Your goal:
Copy out the data below as written; omit any images.

Exercise data:

↓↓↓

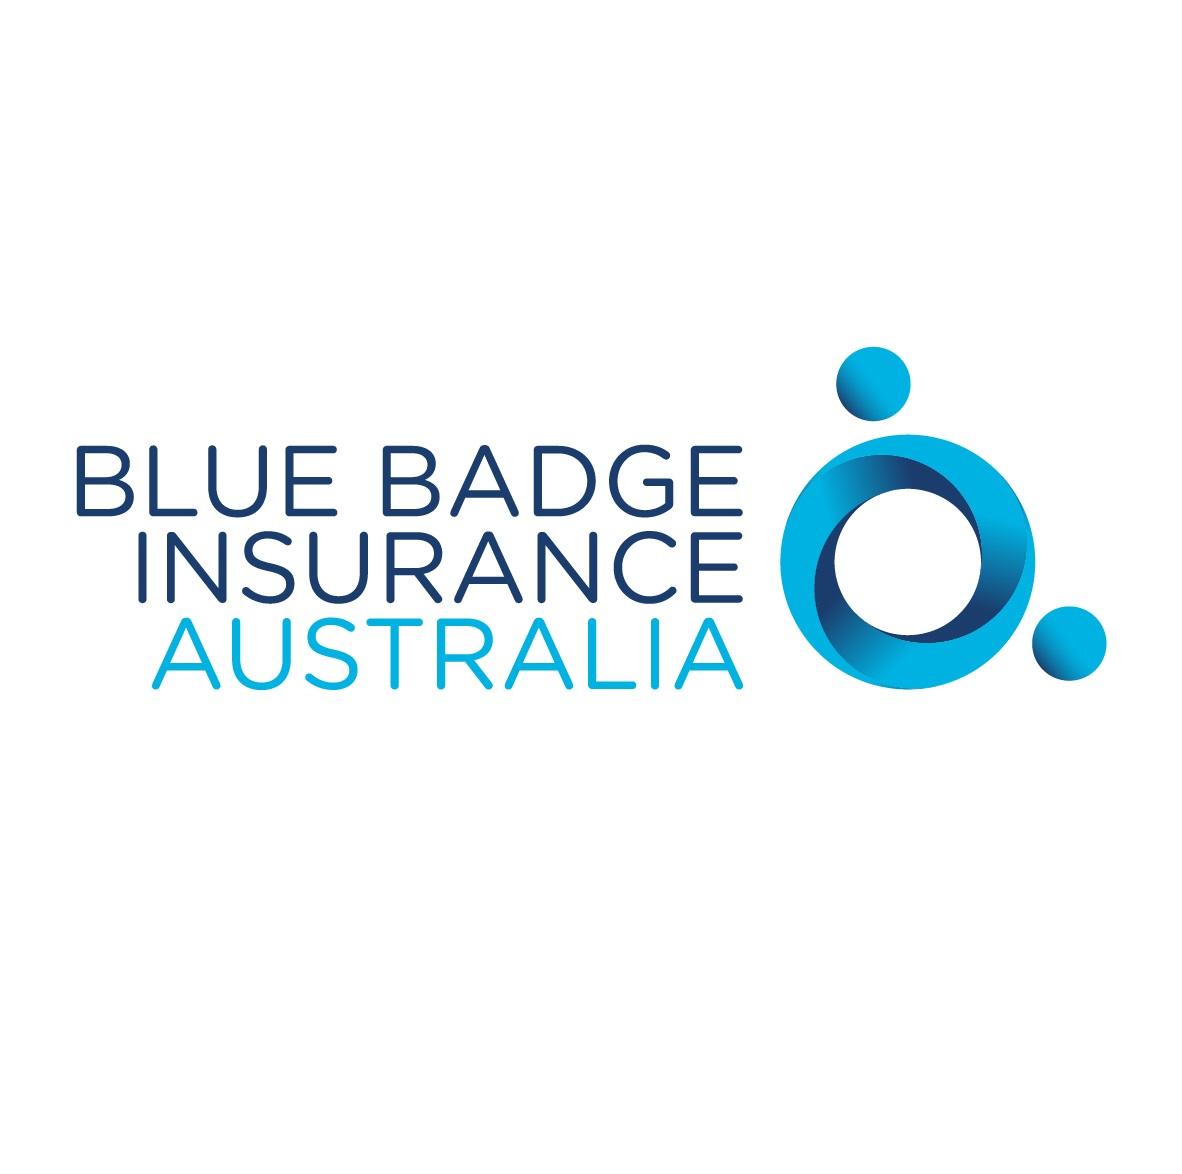 Blue Badge Insurance Australia
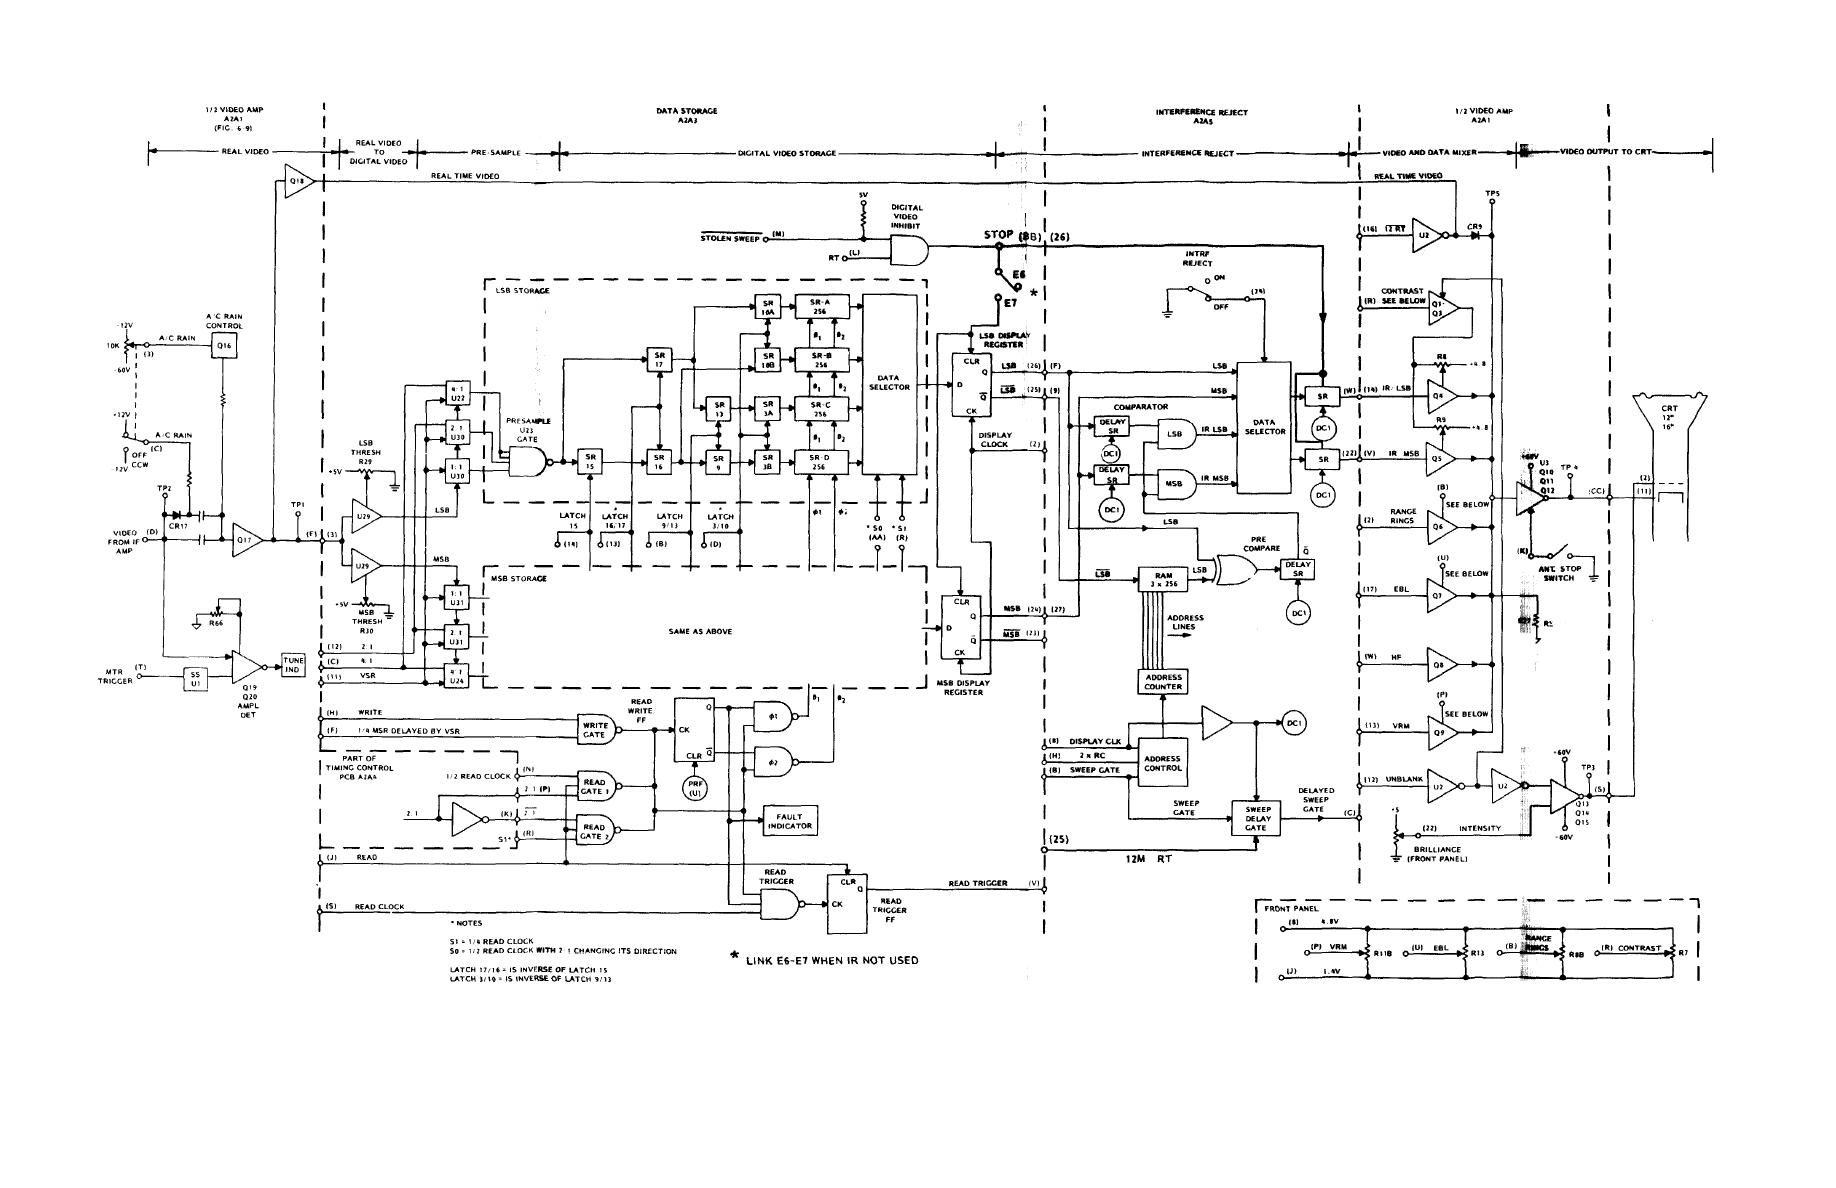 Figure 4 16 Video Functional Block Diagram
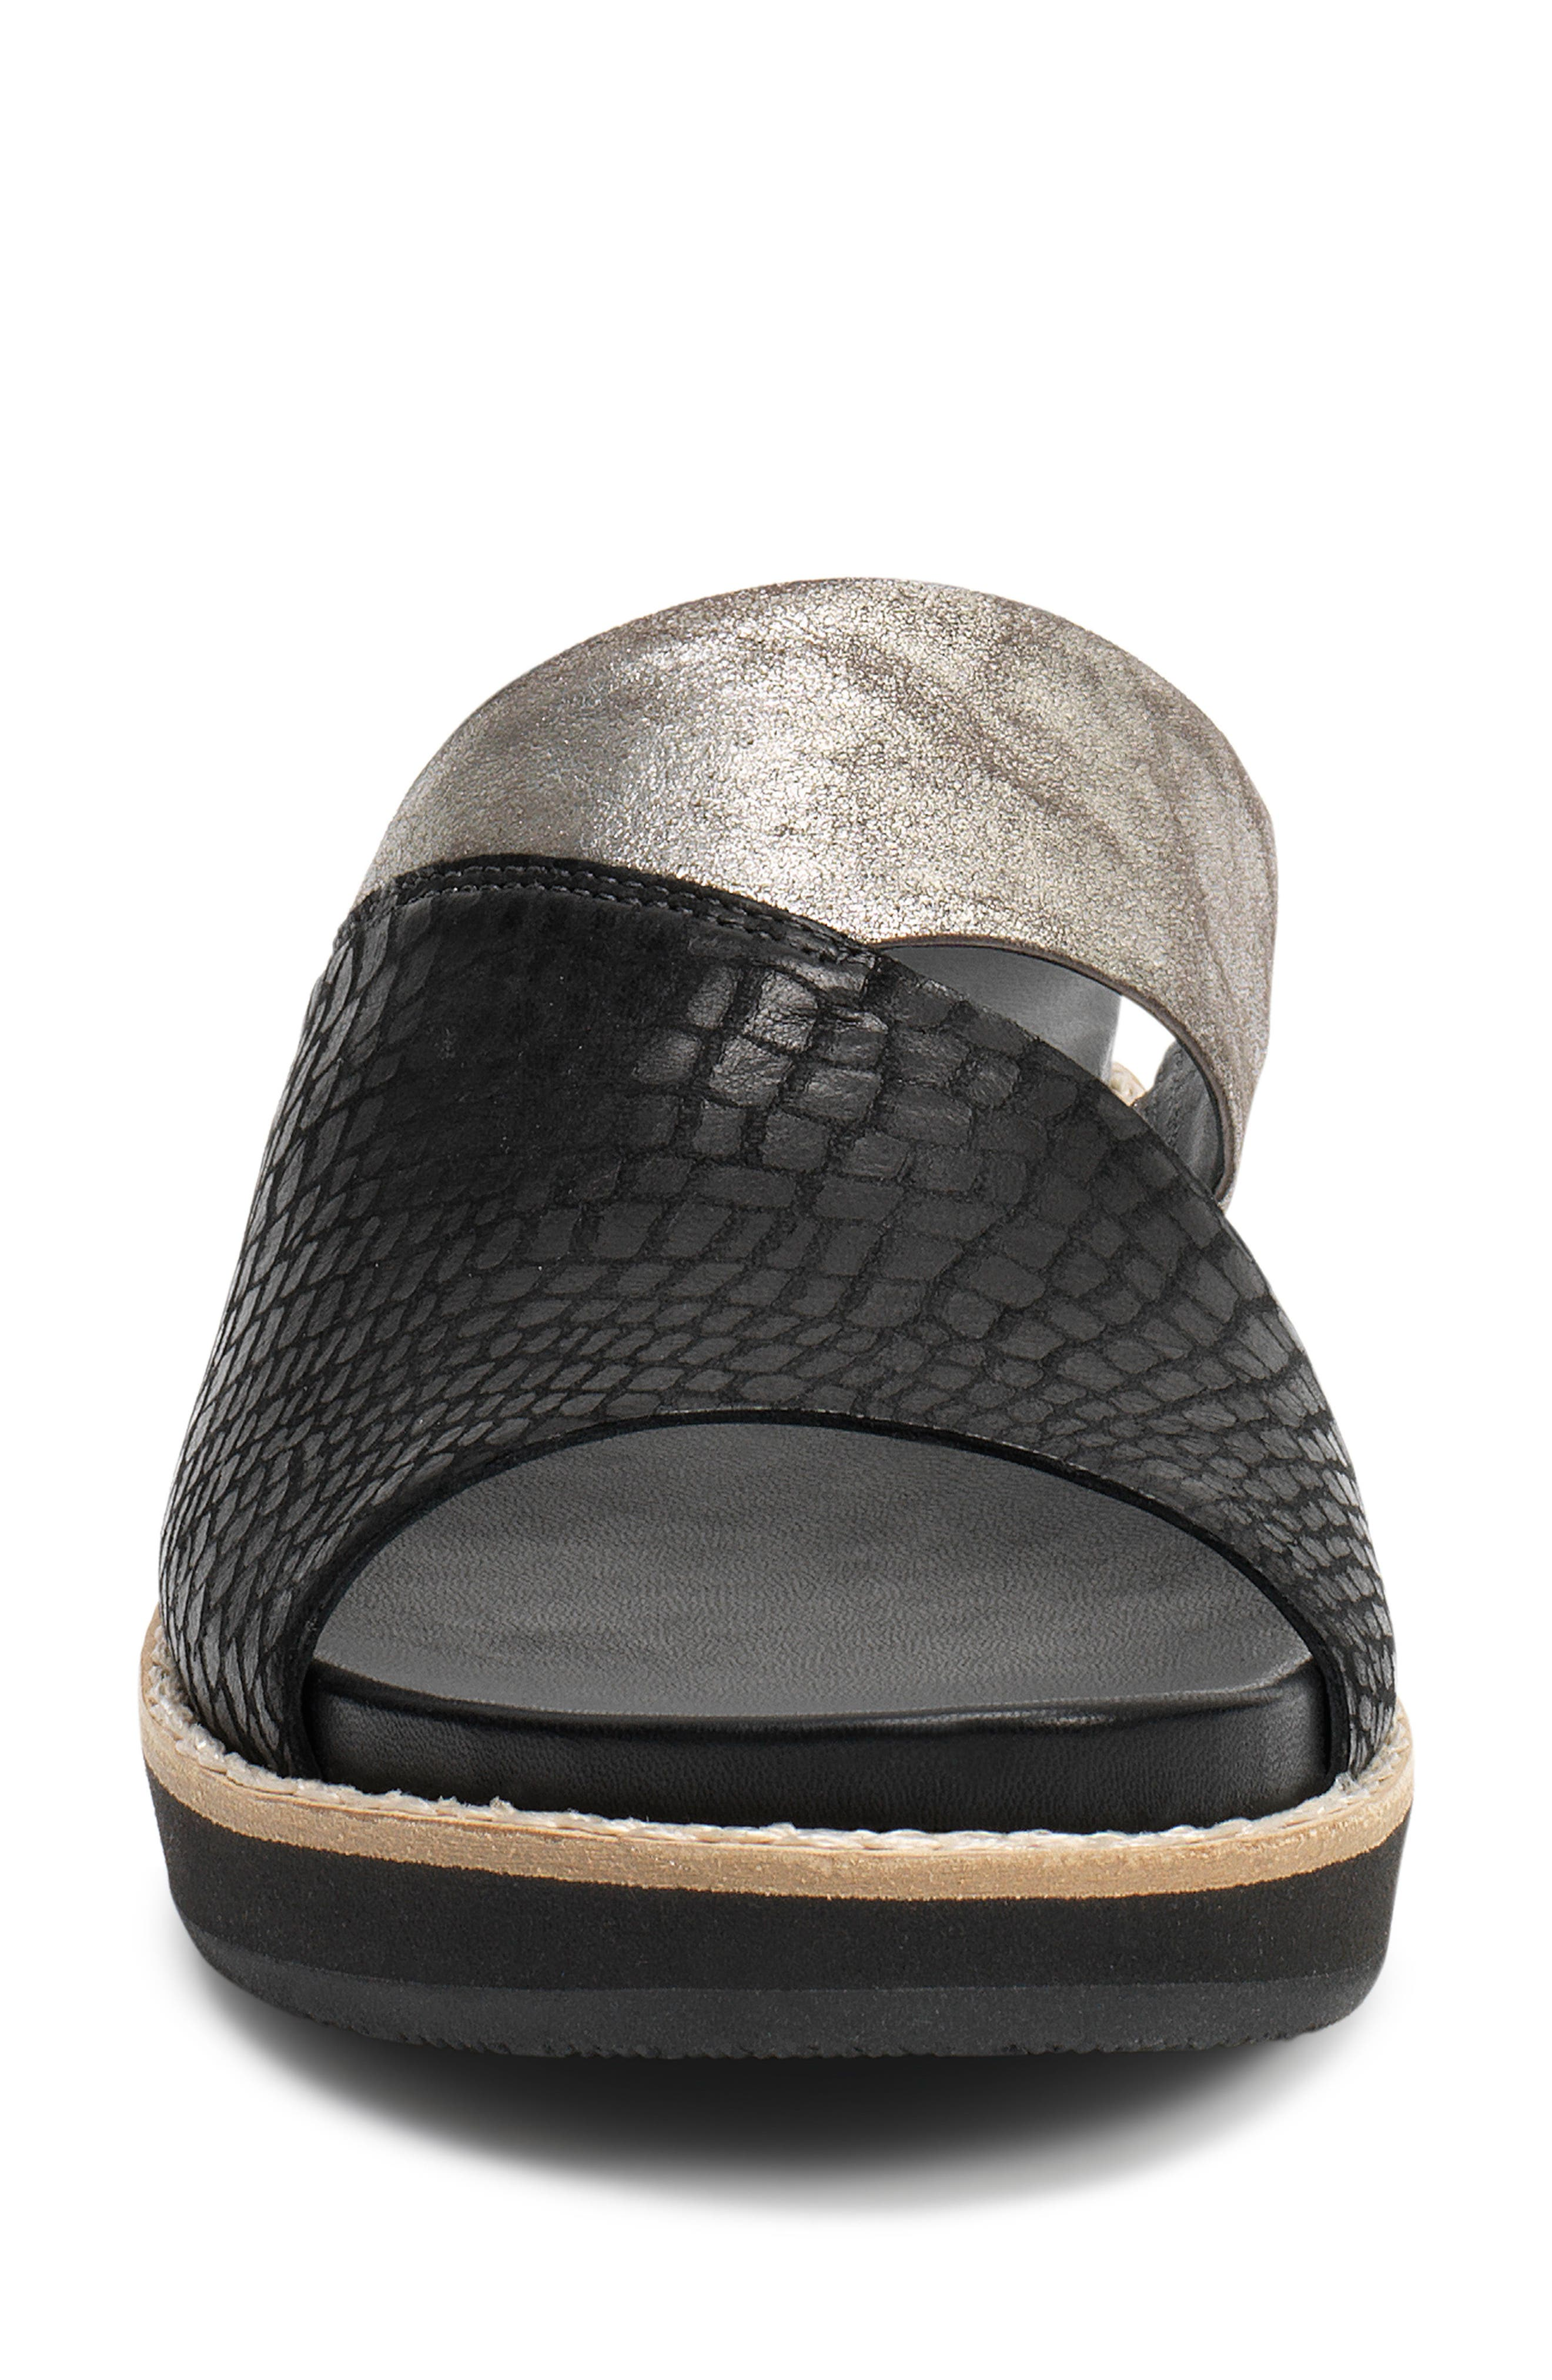 Codi Sandal,                             Alternate thumbnail 4, color,                             Black Embossed Leather

↑↑↑

Worked solution:
 Blue Badge Insurance Australia
 Figure 4 16 Video Functional Block Diagram
 Codi Sandal,                             Alternate thumbnail 4, color,                             Black Embossed Leather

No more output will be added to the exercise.